--- ASSIGNED TASK ---
Output all of the data below without changing a word, and exclude the pictures.

--- AVAILABLE DATA ---
----
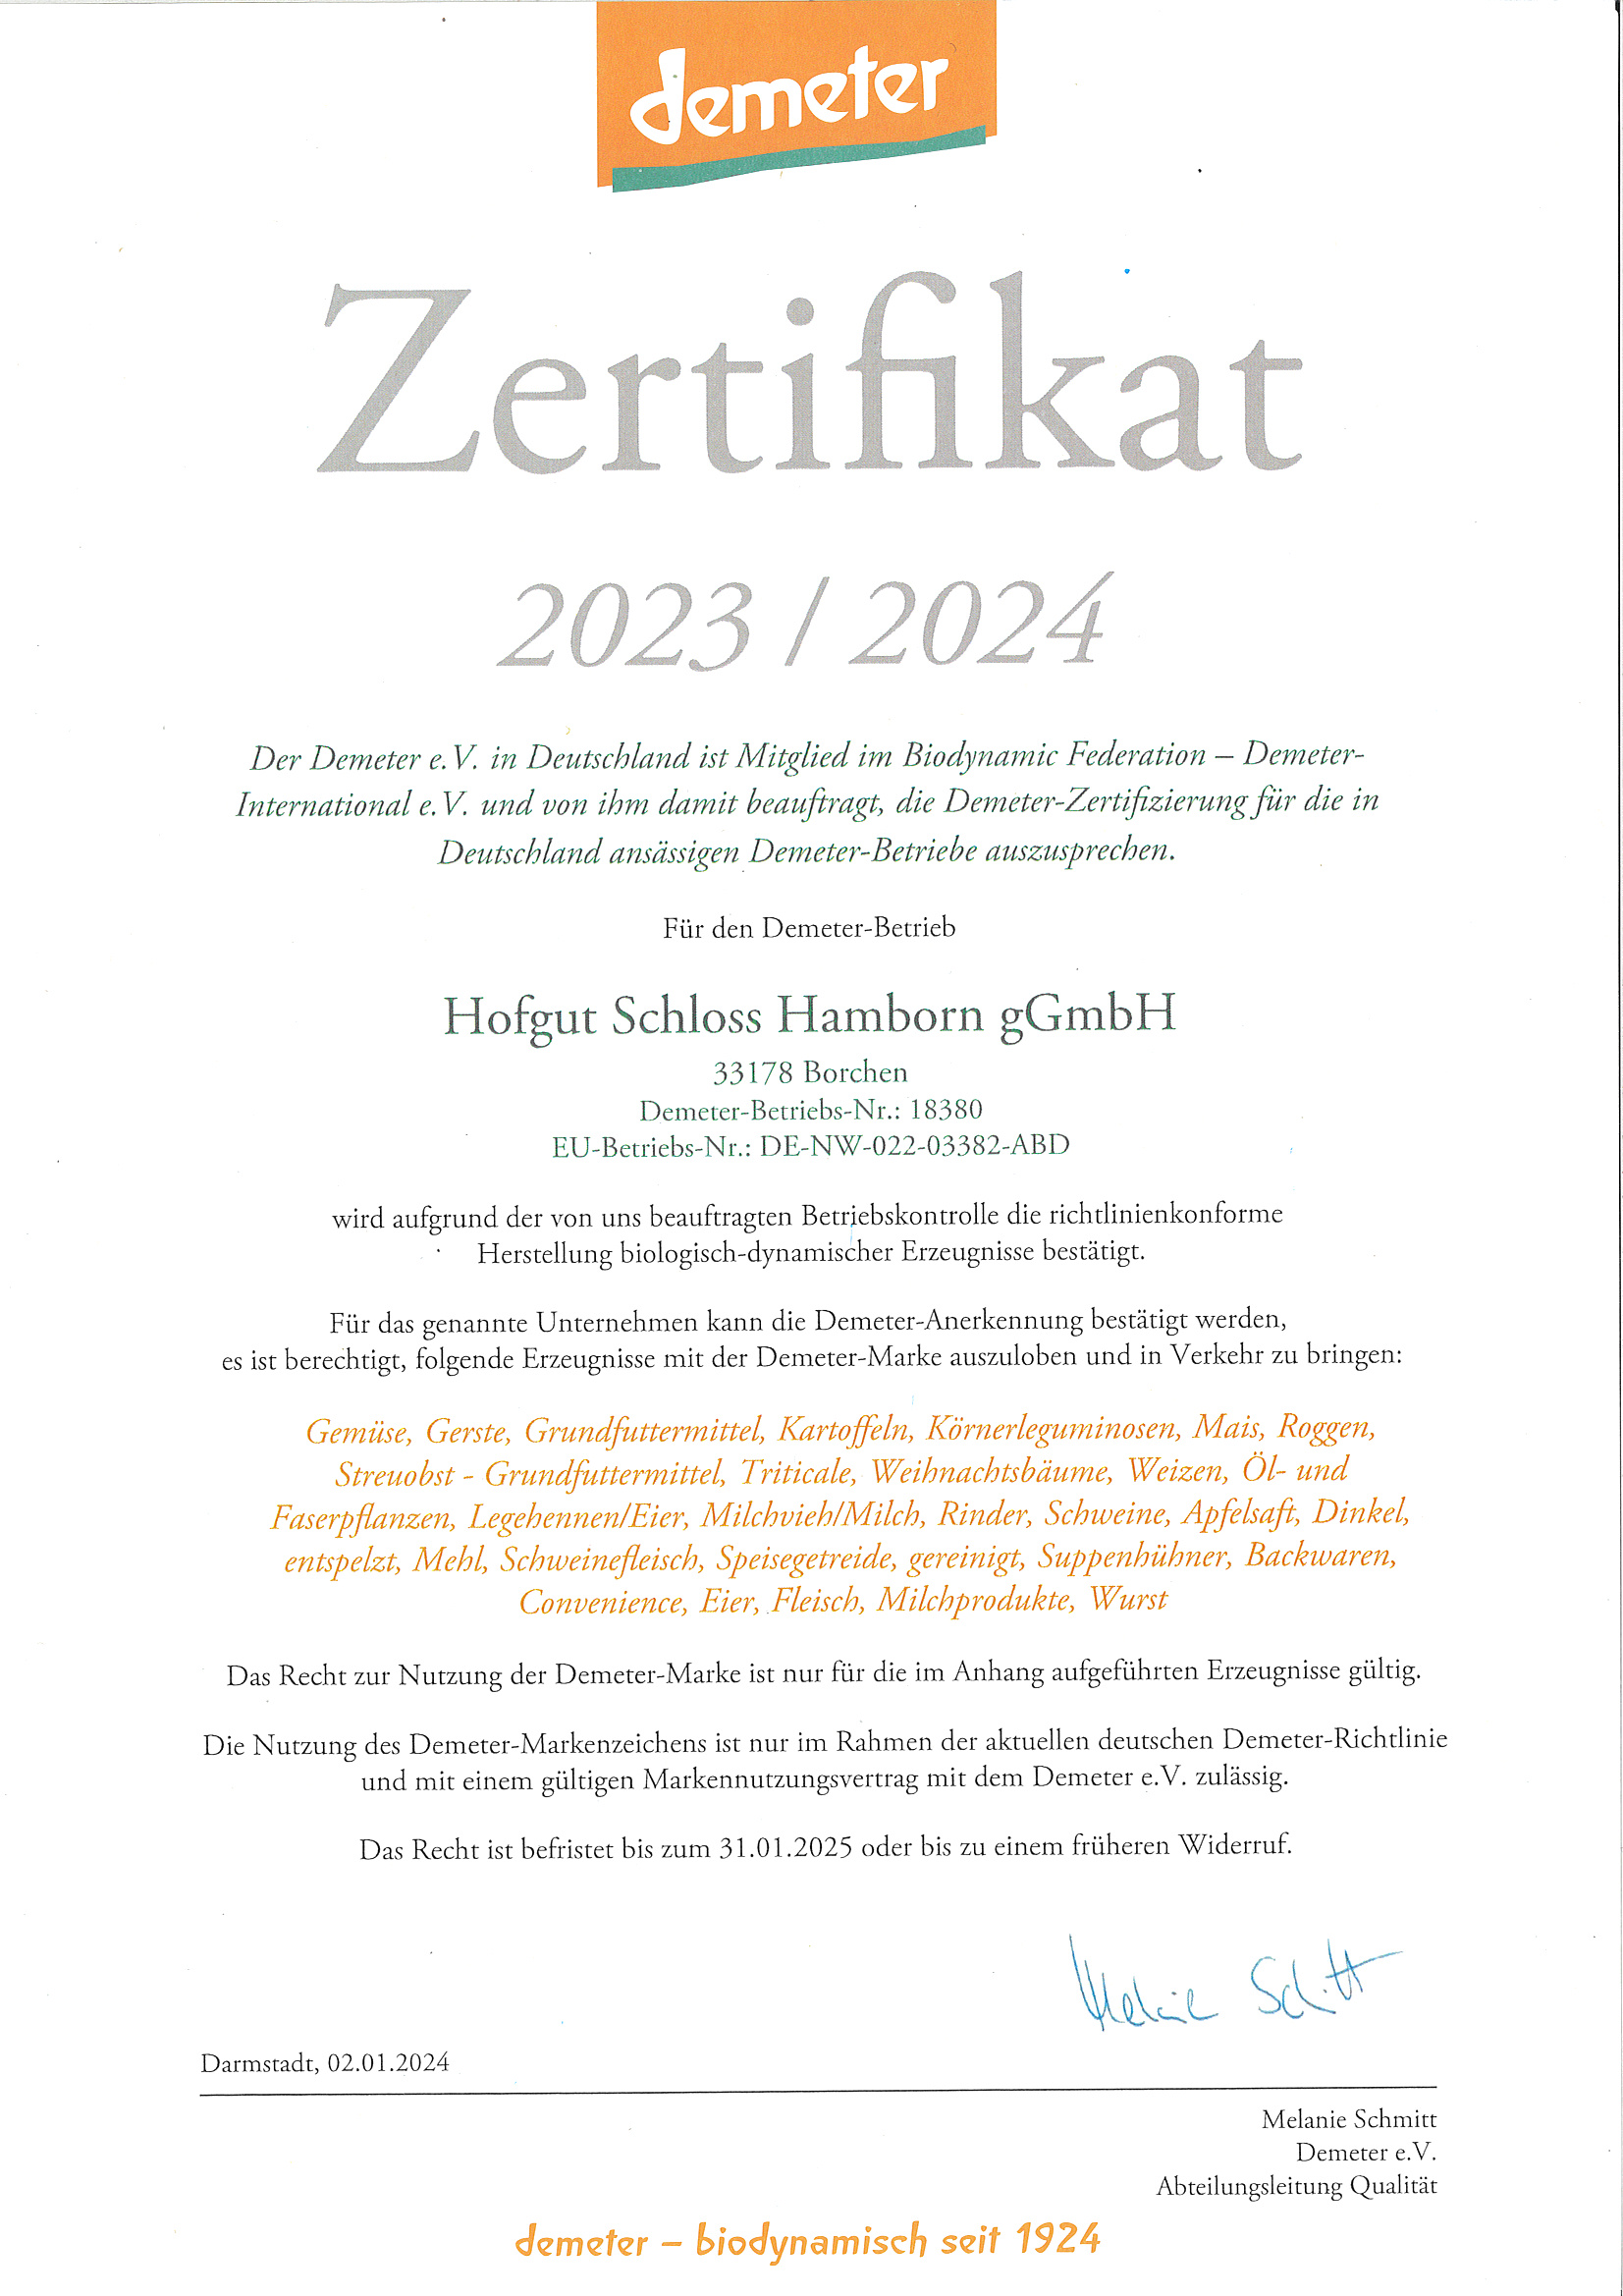 Demeter Zertifikat 2023 / 2024
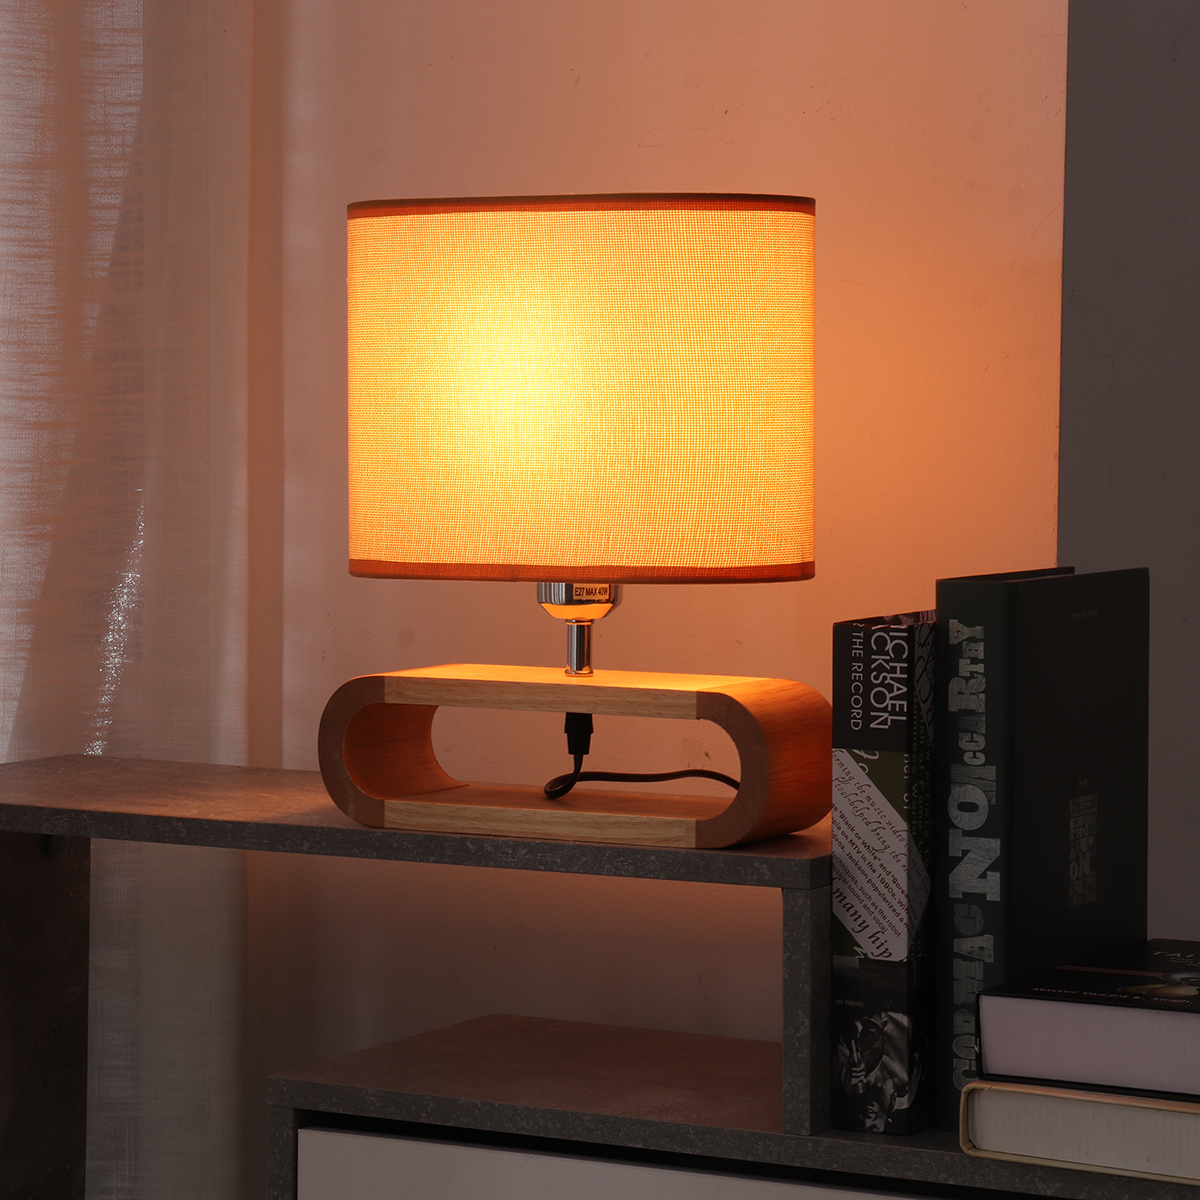 Wooden-Modern-Table-Lamp-Timber-Bedside-Lighting-Desk-Reading-Light-Brown-White-85-265V-1744461-5
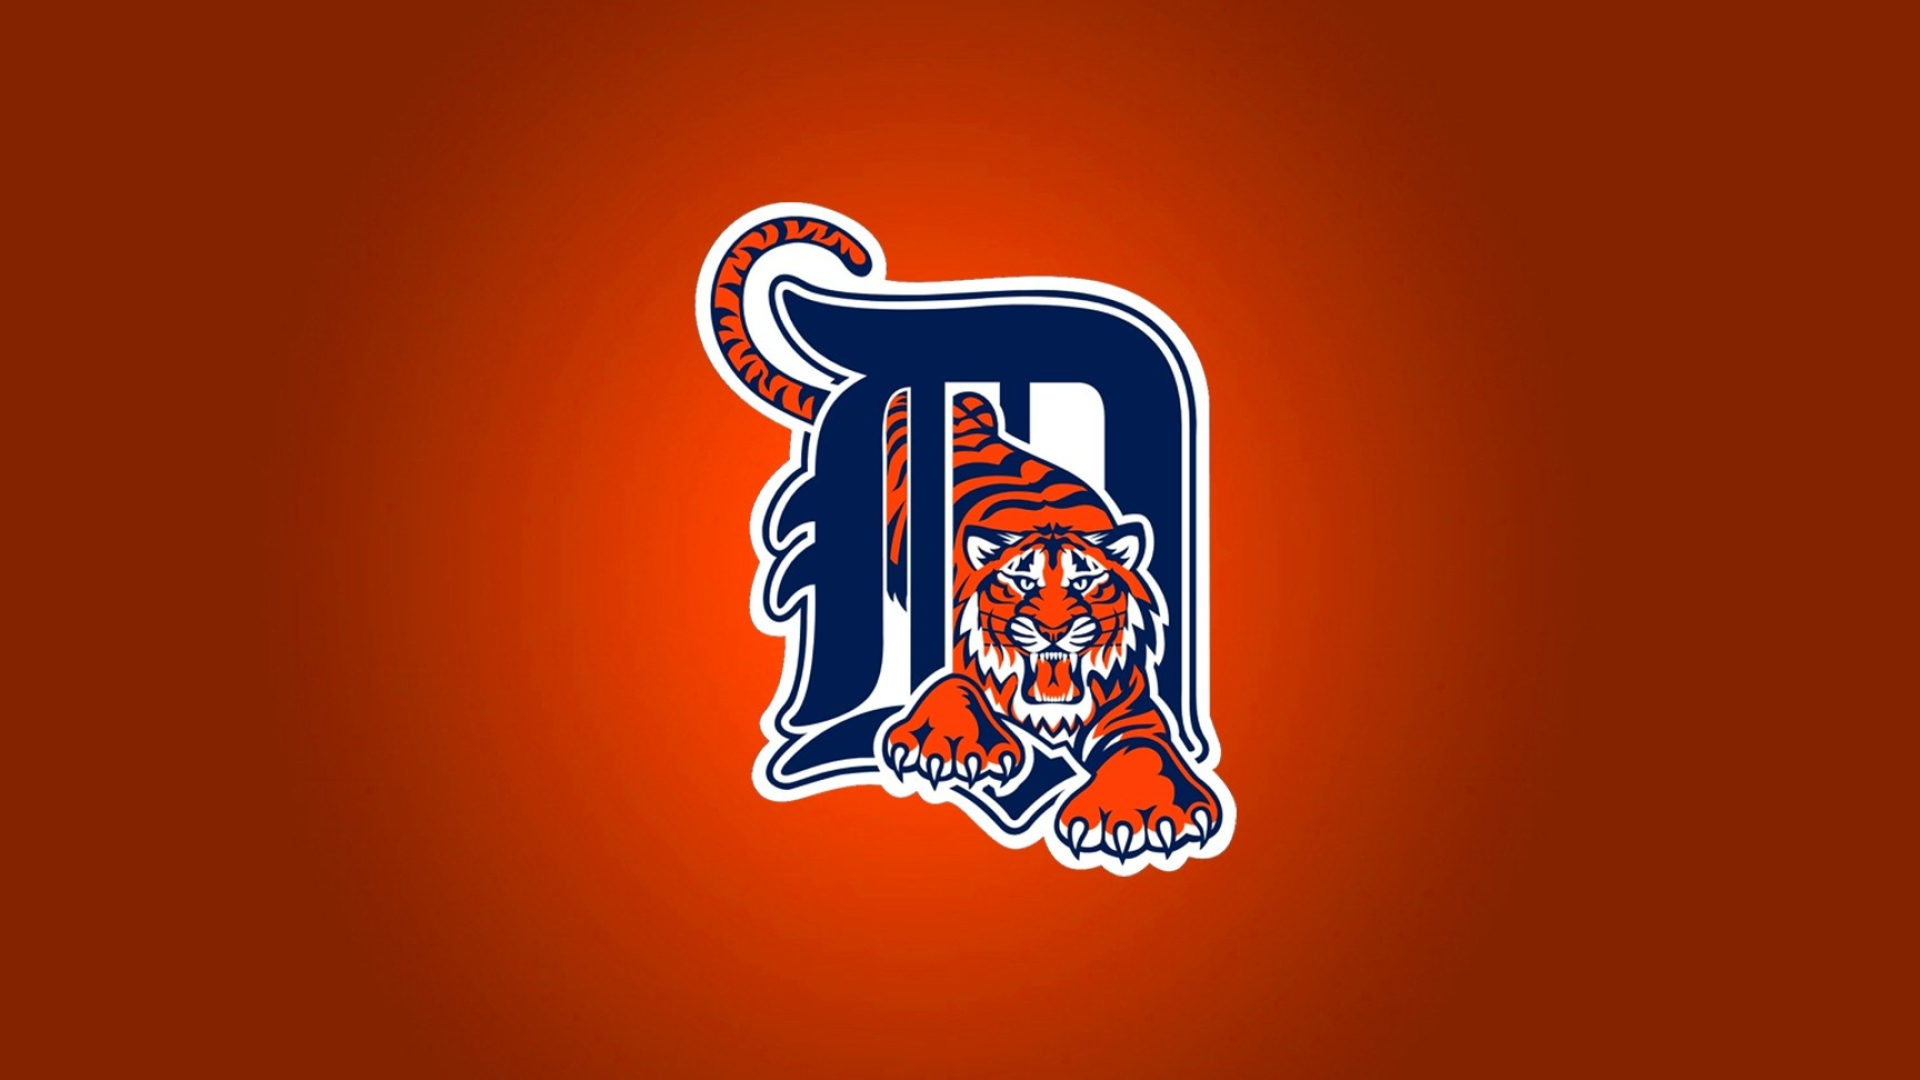 Detroit Tigers, Sports, team logo, 1920x1080 Full HD Desktop
----
--- EXERCISE RESPONSE ---
 Demeter Zertifikat 2023 / 2024
 Wooden-Modern-Table-Lamp-Timber-Bedside-Lighting-Desk-Reading-Light-Brown-White-85-265V-1744461-5
 Detroit Tigers, Sports, team logo, 1920x1080 Full HD Desktop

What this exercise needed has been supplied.